Remember that the double-chain silicates are two interlinked rows of bonded tetrahedra. The resulting structure is long and thin, as can be seen in this top view of a model of a double-chain silicate...

The double-chain is electrically charged and so must bond with a set of cations to become electrically neutral. 

The ideal formula for a double-chain of silica tetrahedra is Si₄O₁₁^-6.

These cations bond above and below the chain, and do more than just balance the charge...

The cations also help to bond one chain to the next...

The figure to the right represents a slice through a double-chain silicate, with the slice directly across the chains.

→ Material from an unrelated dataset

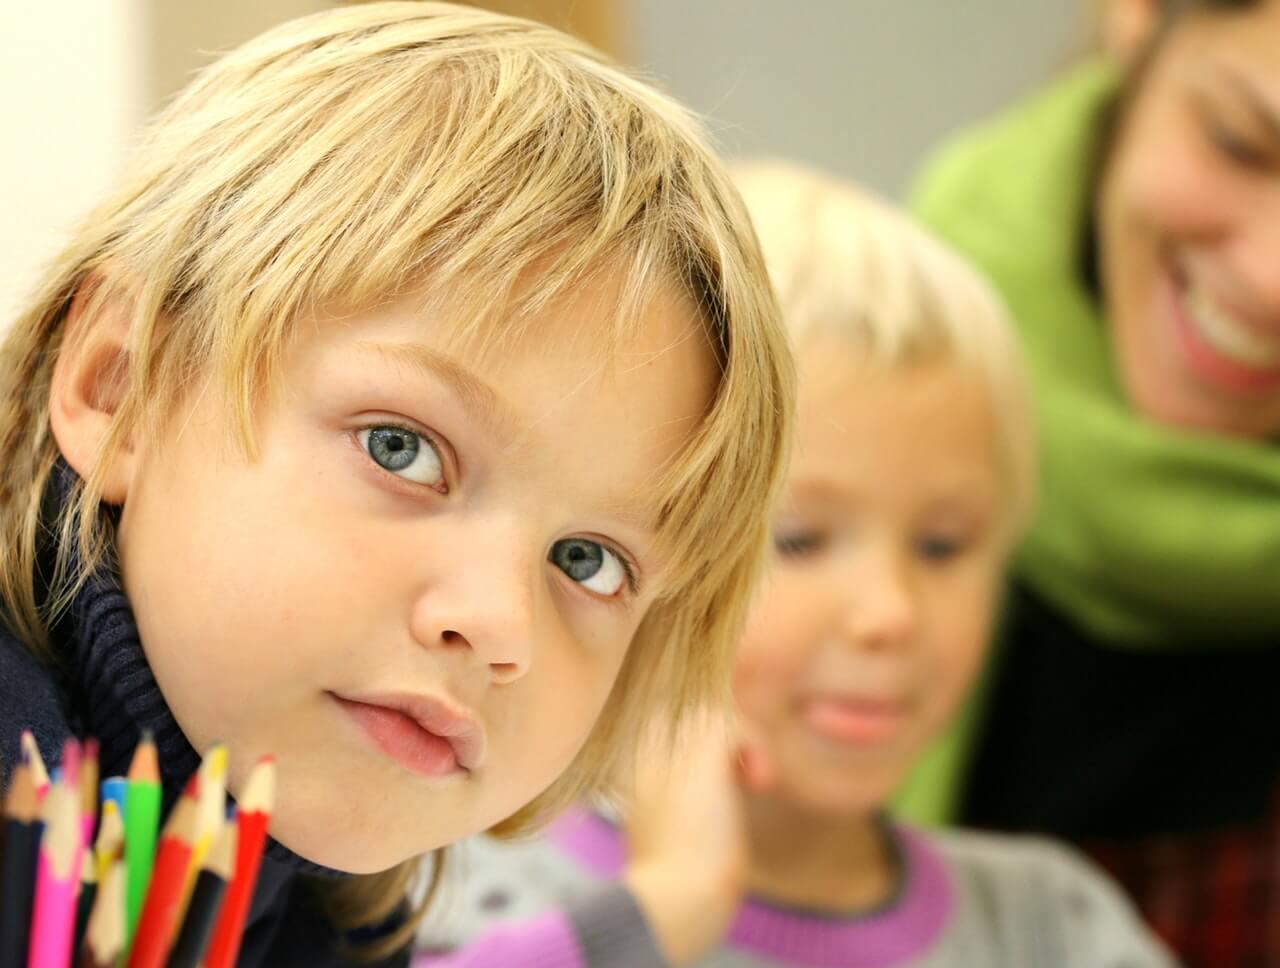 Children-development

Fewer shared cations bond the chains together along the broad sides of chains compared to the narrow sides. Therefore these broad surfaces are bonded less strongly. It is along these weakly bonded surfaces, shown in red dashed lines, that the mineral will most likely break.

Simplifying the picture somewhat, you can see that the double-chain silicate can break into a set of fragments with potentially regular shape.

Looking at it in 3 dimensions, these potential breakages run along the chains. The chains themselves don't break as easily because the bonds between the silica tetrahedra are very strong compared to the bonds gluing one chain to the next.

The group of minerals called amphiboles are the most common double-chain silicates. Note how the shape of the amphibole crystals is similar to what we would have predicted based on its atomic architecture -- long, thin crystals that could be called fibers.